## TASK BRIEF
The answer must be a single number: the count of lines in the listing that hold the string "viên".

*** Opening of RECORD SET ***

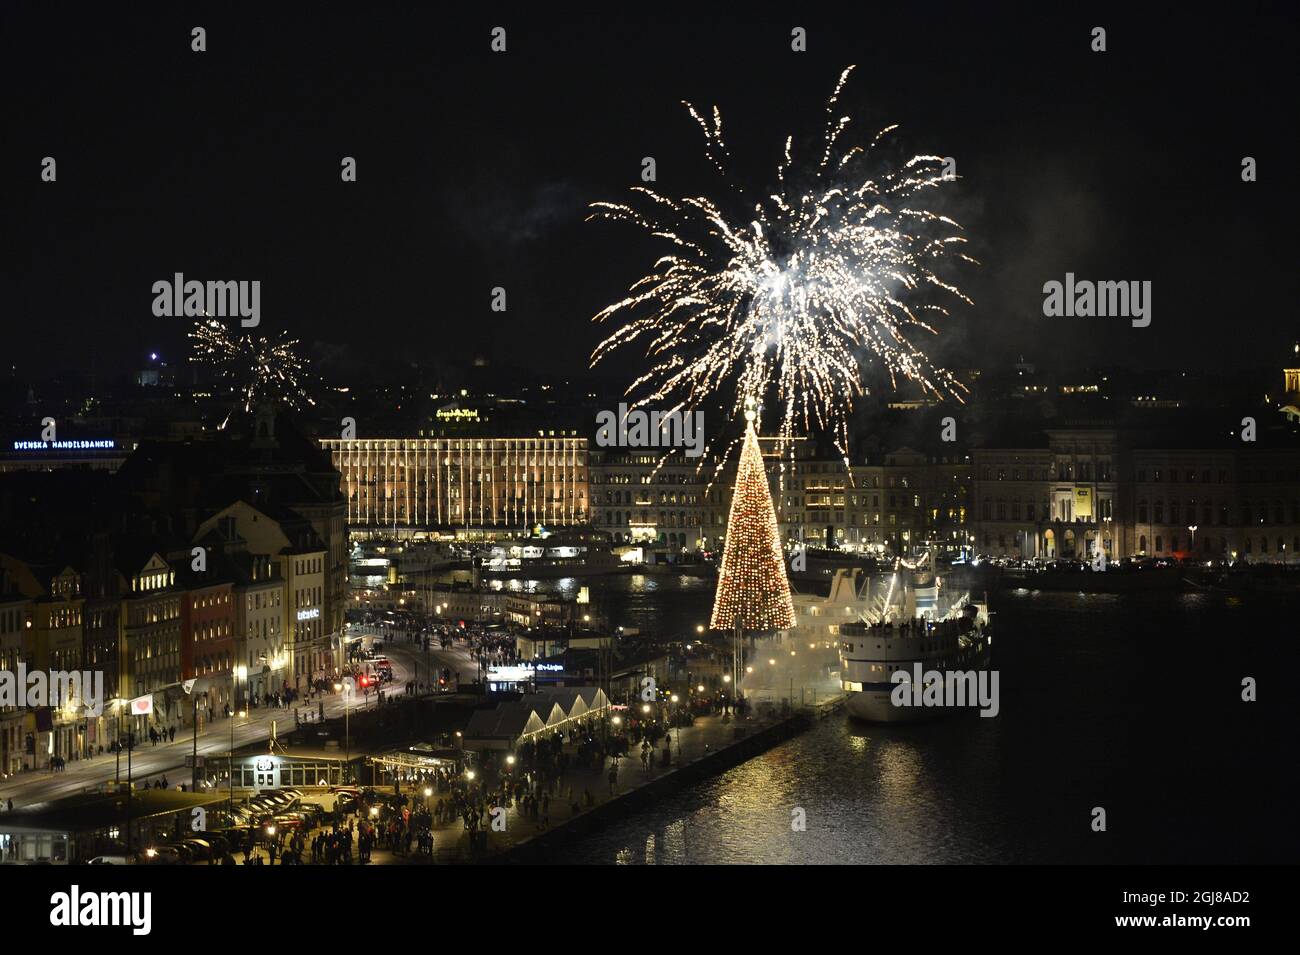 STOCCOLMA 20131231 Capodanno festeggiamenti con fuochi d'artificio sulla via Skeppsbron nel centro di Stoccolma a mezzanotte del 31 dicembre 2013. Foto Anders Wiklund / TT code 10040 Foto Stock
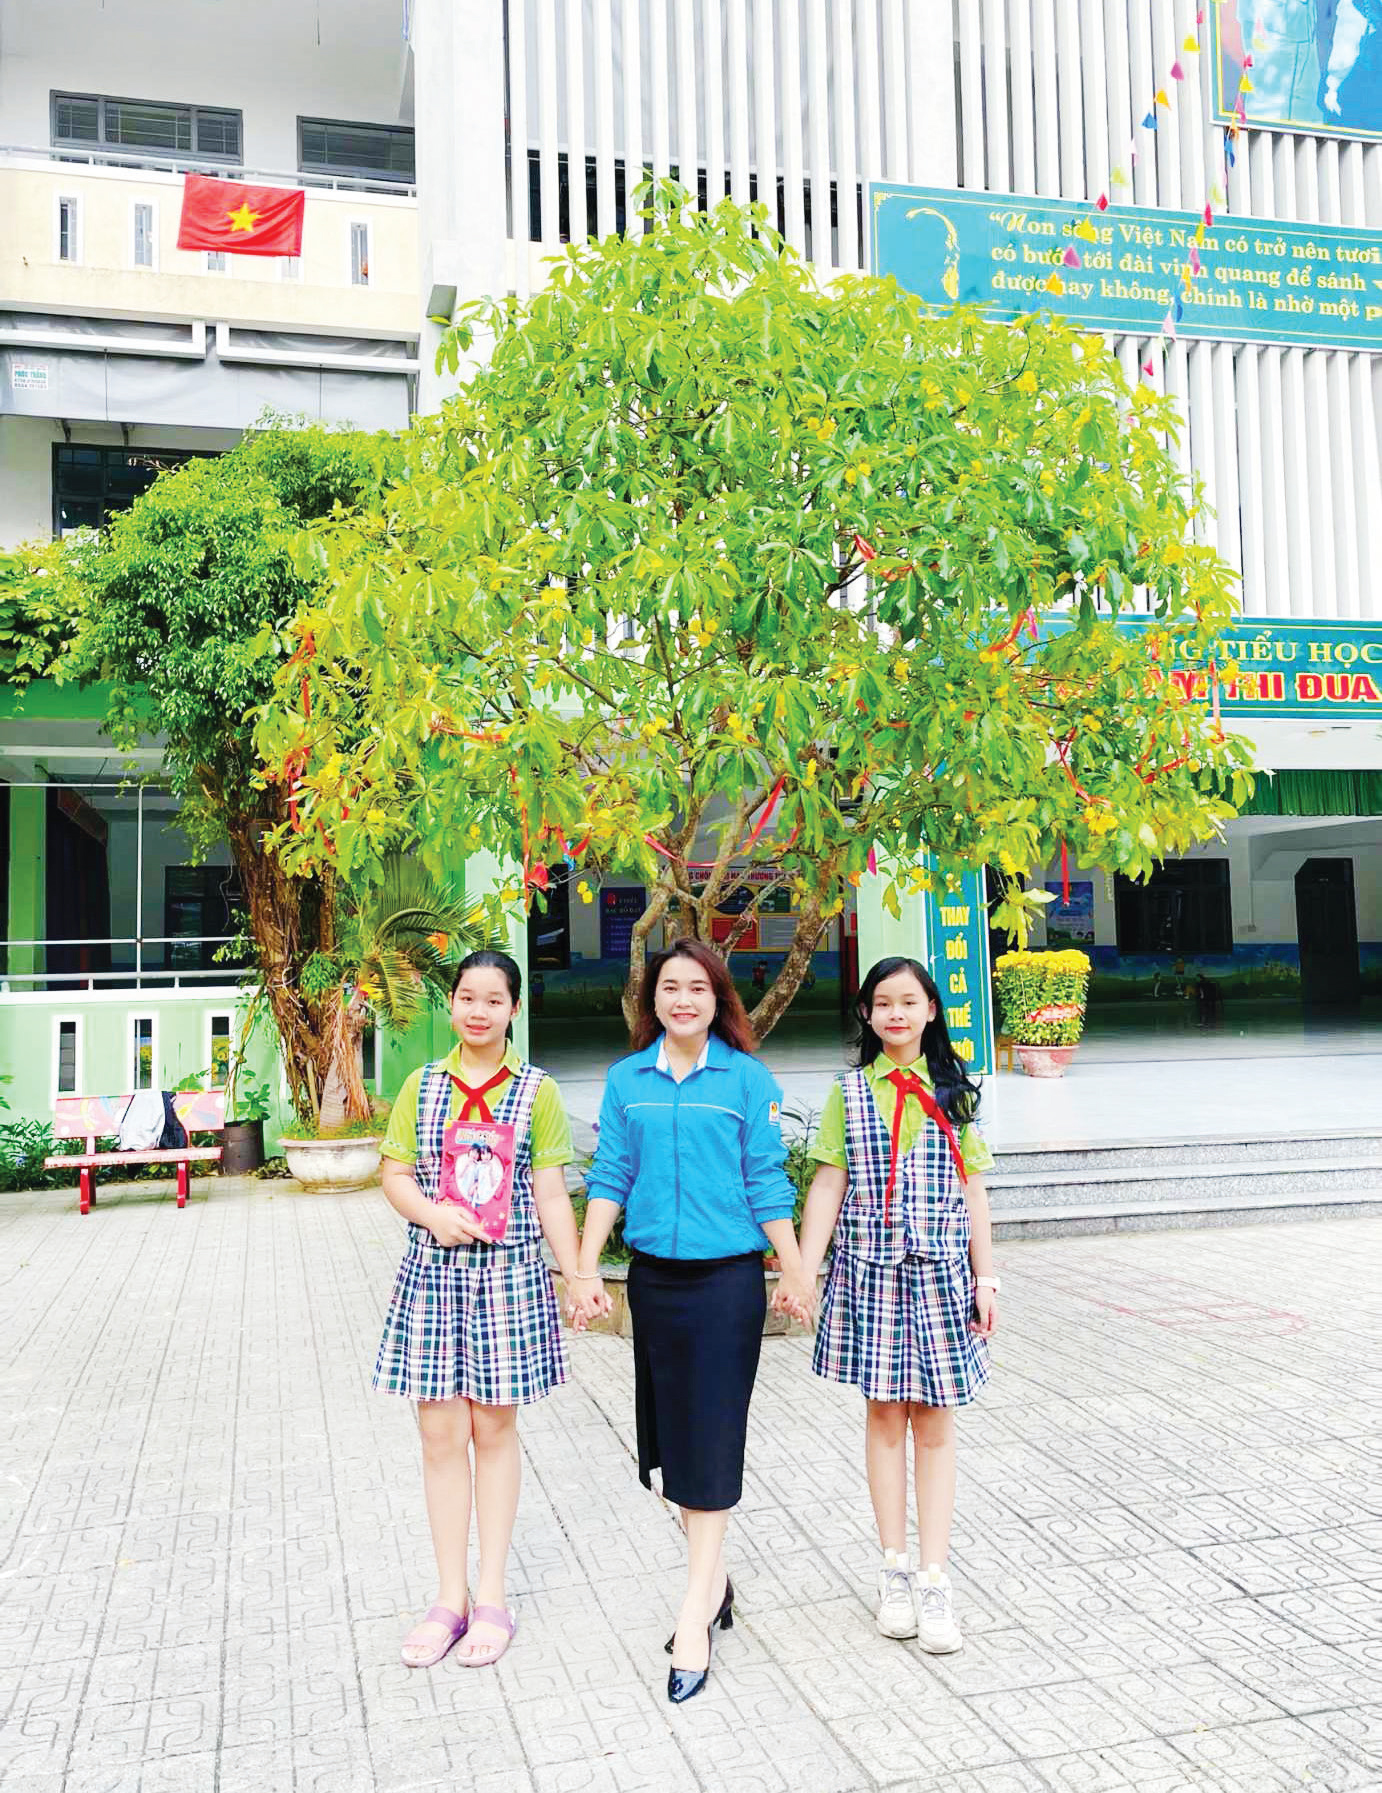 Cô Nguyễn Thị Hải Vân
Giáo viên, Tổng phụ trách Đội
cùng các bạn Đội viên.
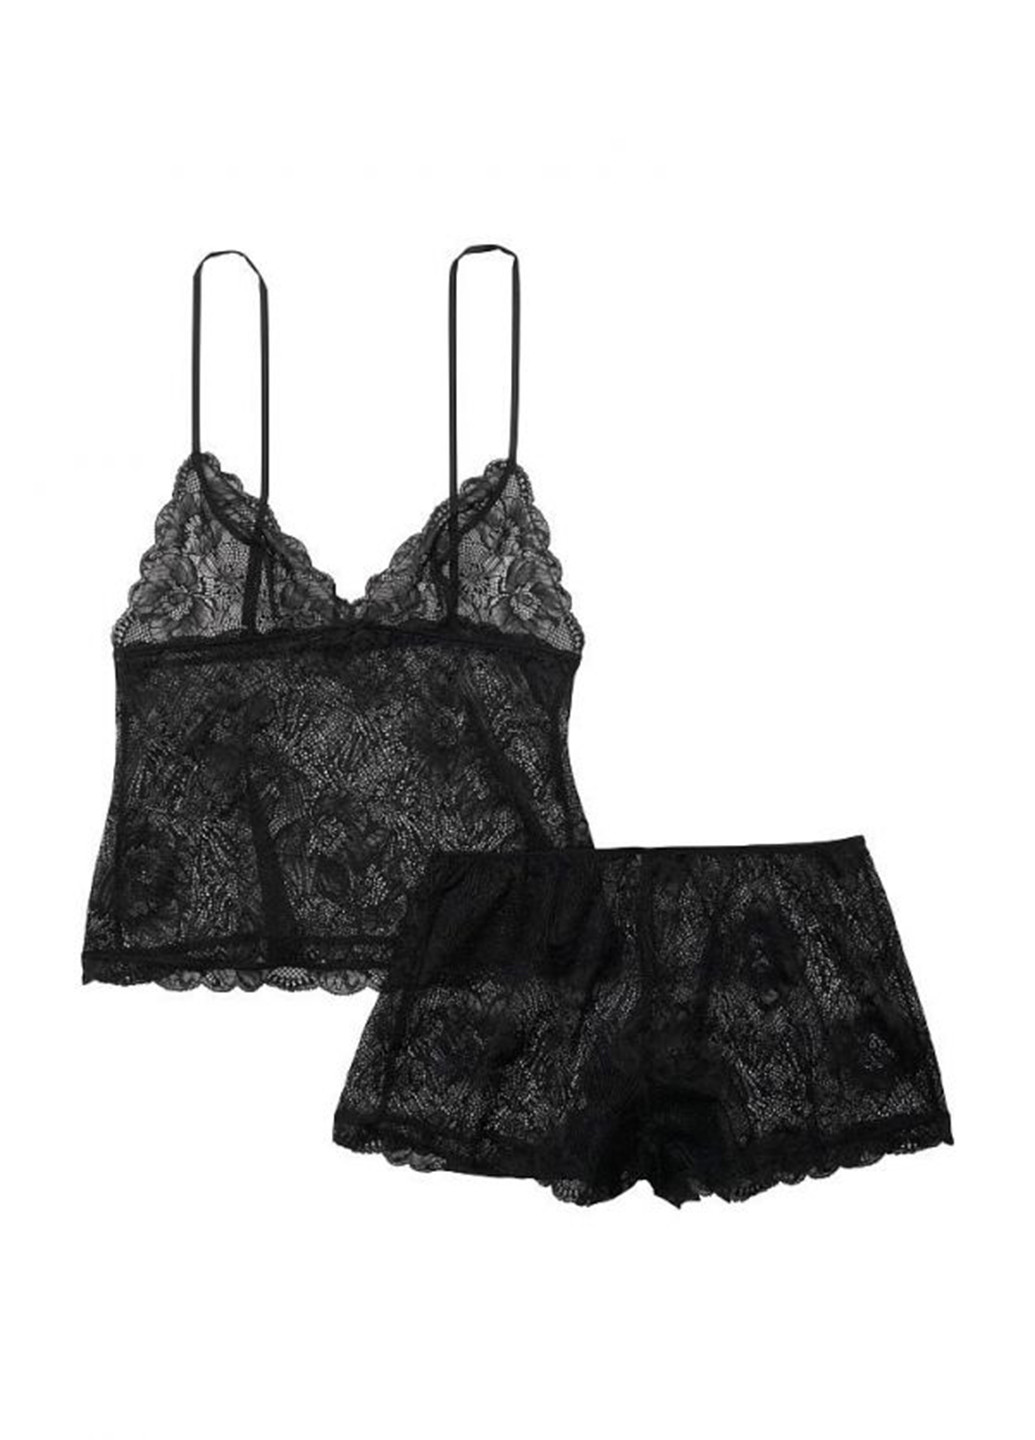 Черная всесезон пижама (топ, шорты) топ + шорты Victoria's Secret
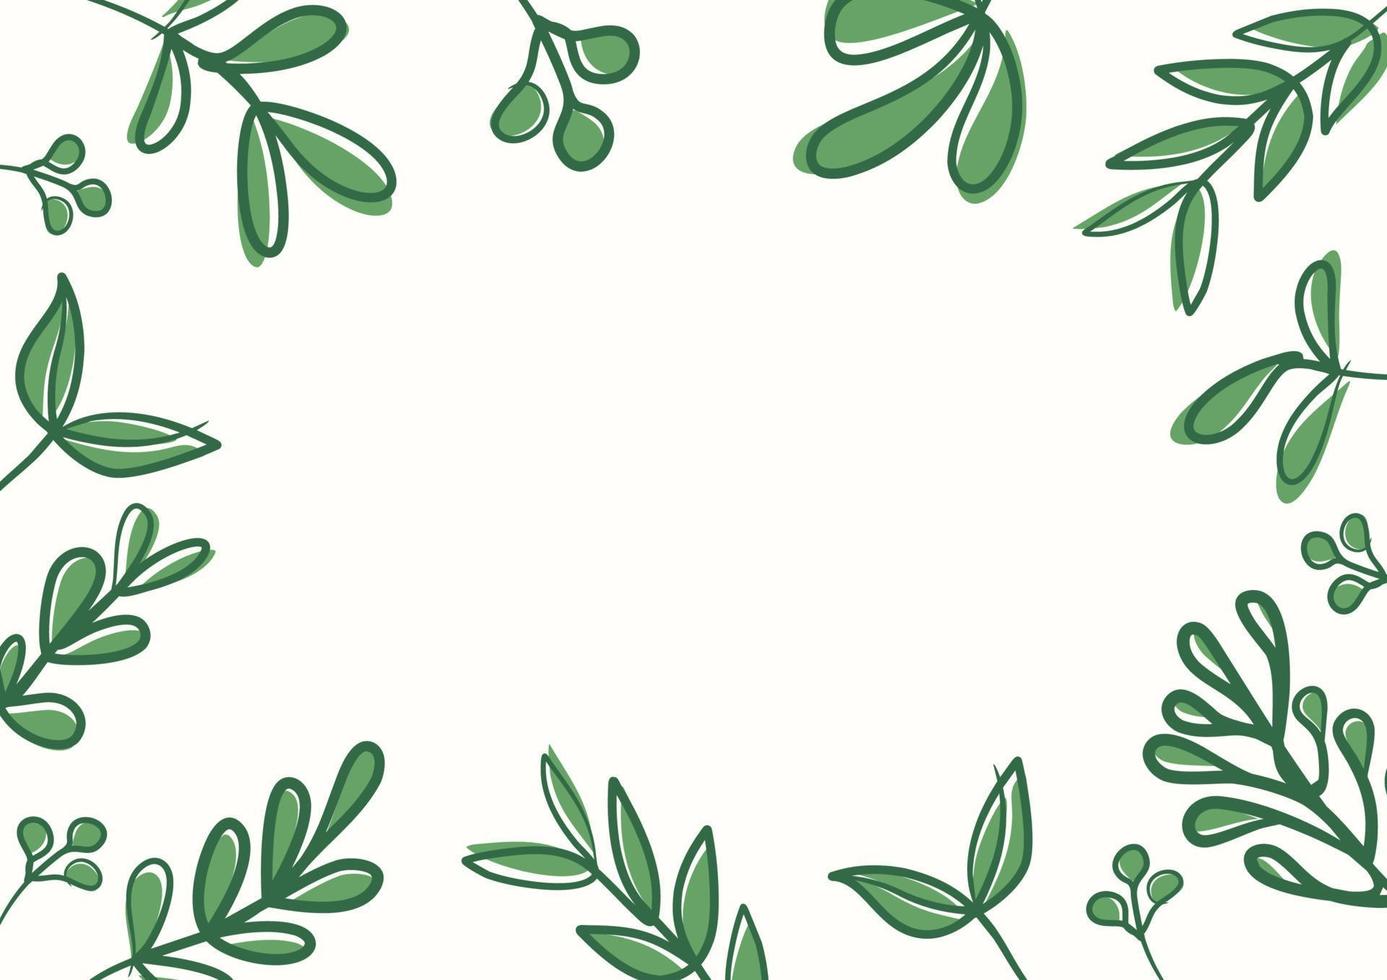 botaniska gröna blommiga löv bakgrund med kopia utrymme för text vektor
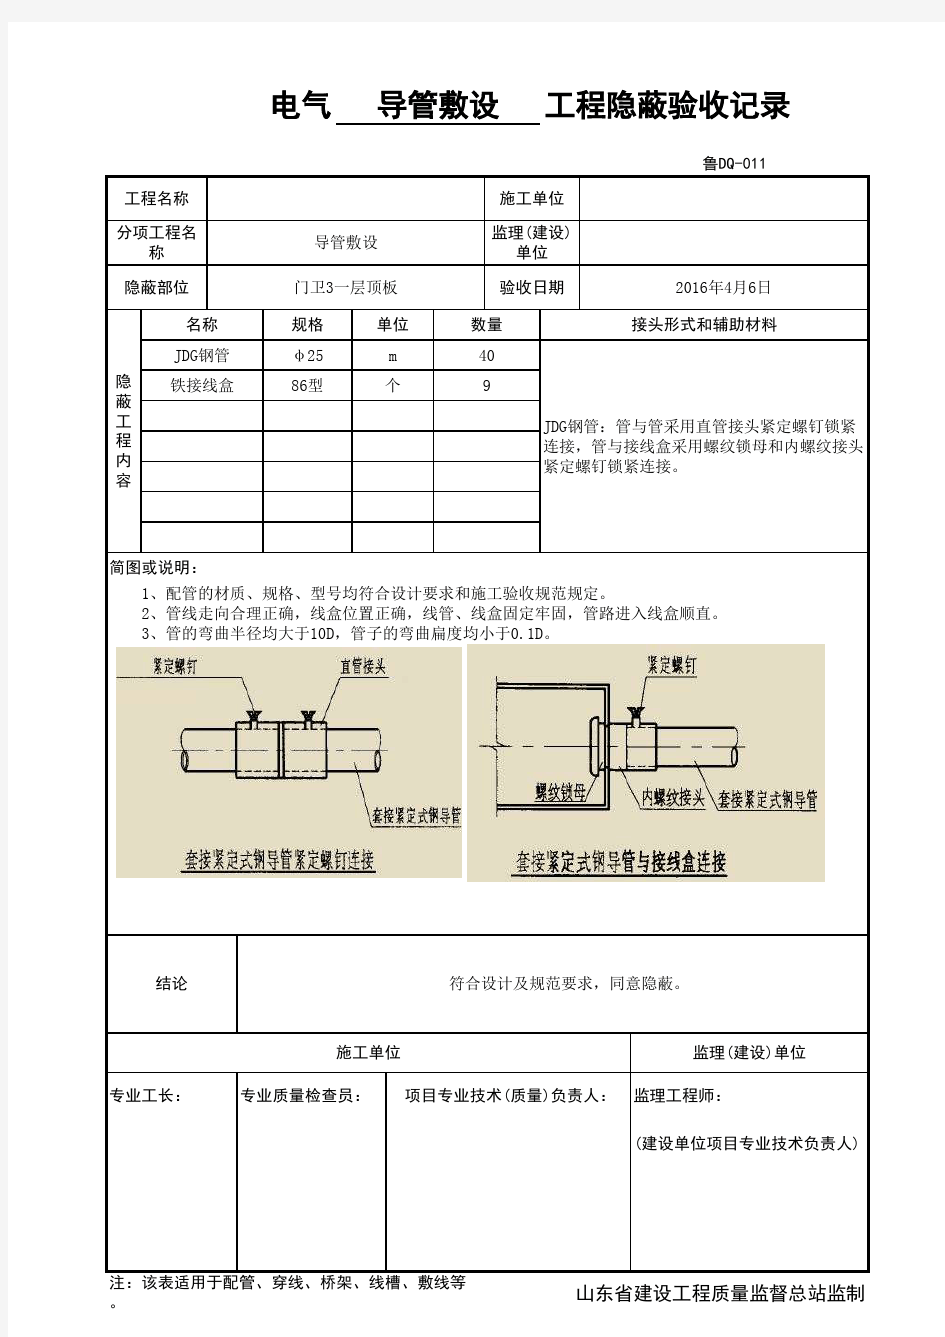 鲁DQ-011电气导管敷设工程隐蔽验收记录(JDG)
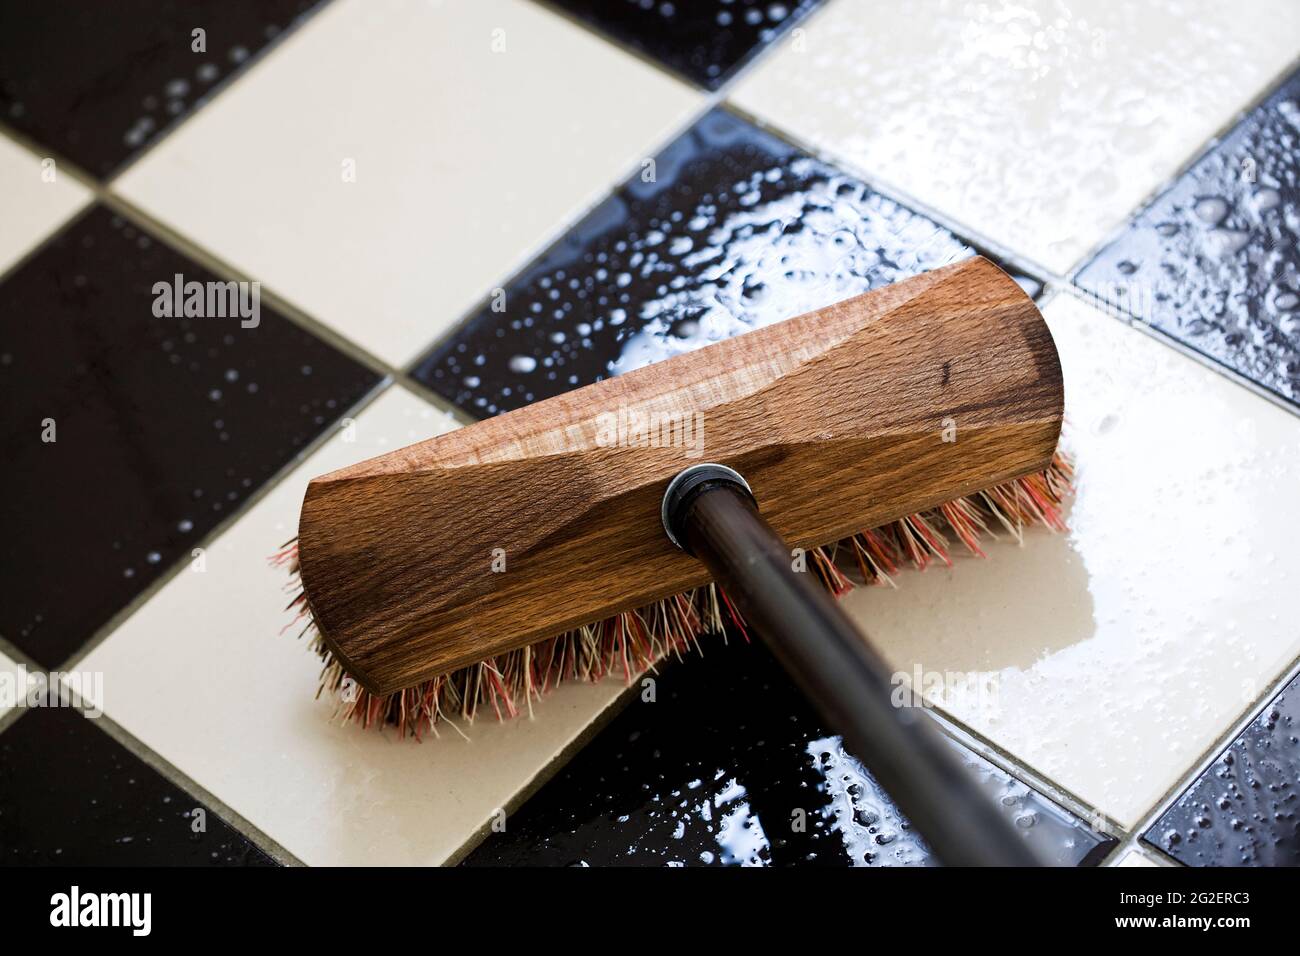 Scrubbing a tiled floor Stock Photo

*** Close of RECORD SET ***

## RESPONSE TO THE TASK
2